Social media in subcontinent is really hard since the ARPU is really low compared to the cost required to sustain that scale. All the existing one prevail because most of their revenue comes from US + EU to balance out additional cost in resources.
Very unfortunate name for a company that wanted to expand in Brazil. In Portuguese, Koo is homophonous with the word for a**hole, so it's not a surprise it didn't stick.
Not to say it wasn't humorous though. People had a lot of fun talking about and asking others about their Koos.
For targeting Brazil it seems like they didn't do the basic marketing 101 check to see if that one syllable words is by chance something to stay away from in that target market.

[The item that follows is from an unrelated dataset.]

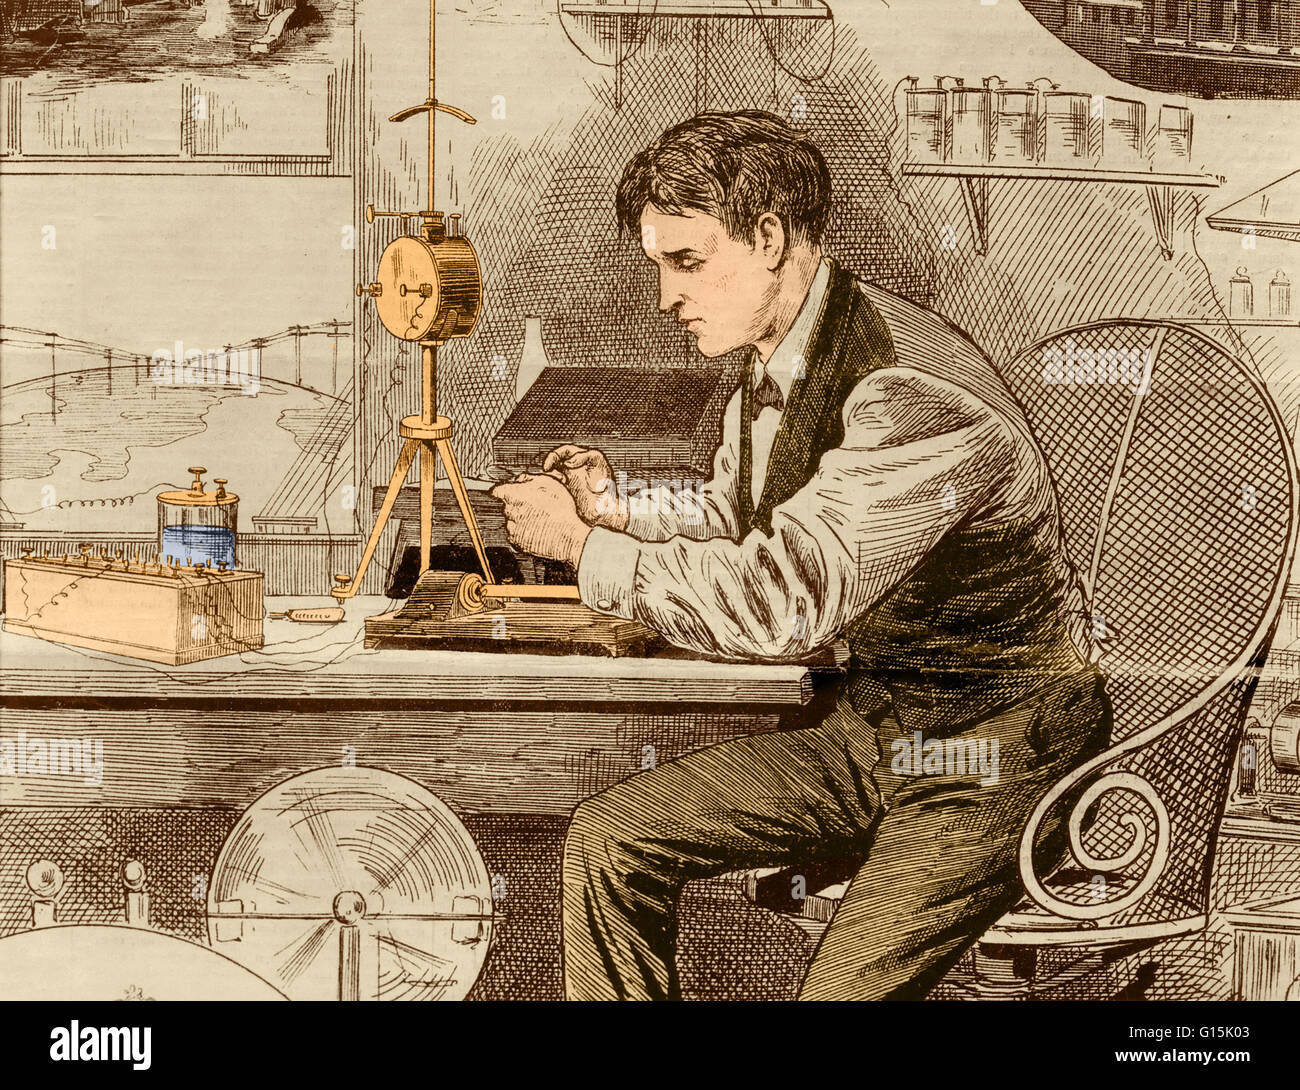 Thomas Edison operating a telegraph machine. Thomas Alva Edison (1847-1931) was an American inventor and businessman. He developed many devices that greatly influenced life around the world, including the phonograph, the motion picture camera, and a long- Stock Photo

> Not to say it wasn't humorous though. People had a lot of fun talking about and asking others about their Koos.
Probably helped with some initial hype with some people just to be able to joke about it. Is it a bit like Mastodon's "toots", I guess. It was funny for a bit, then it was just eye rolling.
> The natives of the planet appear human, with deceptively primitive-looking technology and a barbaric culture, which satirically resembles that of humans. They are telepathic; the only spoken words normally used in their culture are "ku" (koo) and "kyu" (kyoo), the former stands for everything good, the latter being a swear word that stands for every bad thing.
Koo was started as a response to X/Twitter because the Indian R/W ecosystem couldn't stand the fact that Musk spoke against the rampant and one-sided censorship requests that Twitter was receiving from the Indian govt.
After koo was announced many of the supporters of India's R/W central govt switched over to Koo boosting its numbers.. but as with Meta's Threads, it was inevitable that the platform would lose its shine quickly
The biggest boost for the platform, however, came from the standoff between India’s ruling party and X. The latter was caught in a tough spot in early 2021, when it refused to give in to the government’s requests to remove certain posts and accounts that were critical of the Modi government.
Some businesses are good for regulatory arbitrage. Others are good businesses but you can use regulatory arbitrage to get a foothold. This was neither.
The arb was that they had advantages as a local firm willing to play in the niche of providing local governments an advantage. But that's not enough to provide a social network.
Not saying that what they did is not commendable (in my mind even if you get more than 10 users, your app/site is already great), but ultimately it was a copy. There was nothing original as such. Just an app with Indianised version of a bird sound won't work in the long haul right ?
Also their user base gain was because of controversies, you bring controversial public, they're gonna want that sort of environment.
One more thing worked for them was Nationalism, Indian platform, for Indians, by the Indians type of thing. That also will only take you so far.
I still like the app, it's just that, it's not going to be the "Big thing" that they promised their investors.
I don't know much about large scale projects, but wouldn't hosting videos become a huge cost in a project like this? Many social medias didn't have video support until they were huge. In fact, I think Plurk still doesn't support it, even though it has existed for 16 years.
But the other day I learned about this "TikTok" thing that is video-centric, and that there is a clone called Kwai, which is also video-centric, and that everyone seems to want a platform to share videos for some reason.
It was just a place for RWingers of India. Even that could be an interesting place. But it wasn’t.
I tried reading Koo once or twice, and I wasn’t interested in anything.
I don't have any preemptive beef against Commies or Indian RW or whoever, but that platform had more saffron color than the BJP party office. Saffron border, bland white background, and saffron checkmarks for verified accounts. Total UI design hell.
People are out of ideas. Twitter but for India. Twitter but not owned Elon Musk. Twitter but integrated with substack. Twitter but federated. Twitter but decentralized. Will any of these do better? Possibly the last two, if someone builts an innovative user experience on top of them.
Where email only has inboxes and messages, ActivityPub also has HTTP-esque verbs. (Email can do everything ActivityPub can, in principle, but it has to send emails to do so. When an ActivityPub verb isn't understood, it's ignored, whereas when an email message isn't understood, it's presented to the user.)
Many twitter clones are almost pixel perfect. Twitter started with SMS support, and added many other unique things like @ mentions, threads that worked on mobile and the way you would see conversations between people if you followed both of them.
What? Bluesky is Twitter with decentralization, yes, but so what? And Threads us a full, separate app, not just a page in Instagram (if that's what you mean)
Surely twitter's value isn't in its revenue.... you can make a lot more money openly manipulating public opinion in a socially acceptable manner. See: why rich people buy newspapers.
Someone is still stuck owning the companies. There seems to be some inertia there. Our Benefactors don't always shut down a company the moment it becomes unprofitable, when it took 15 years to get to the position it's in today. If the tide reverses and the company becomes profitable again, they're not waiting another 15 years to restart it, if that's even possible.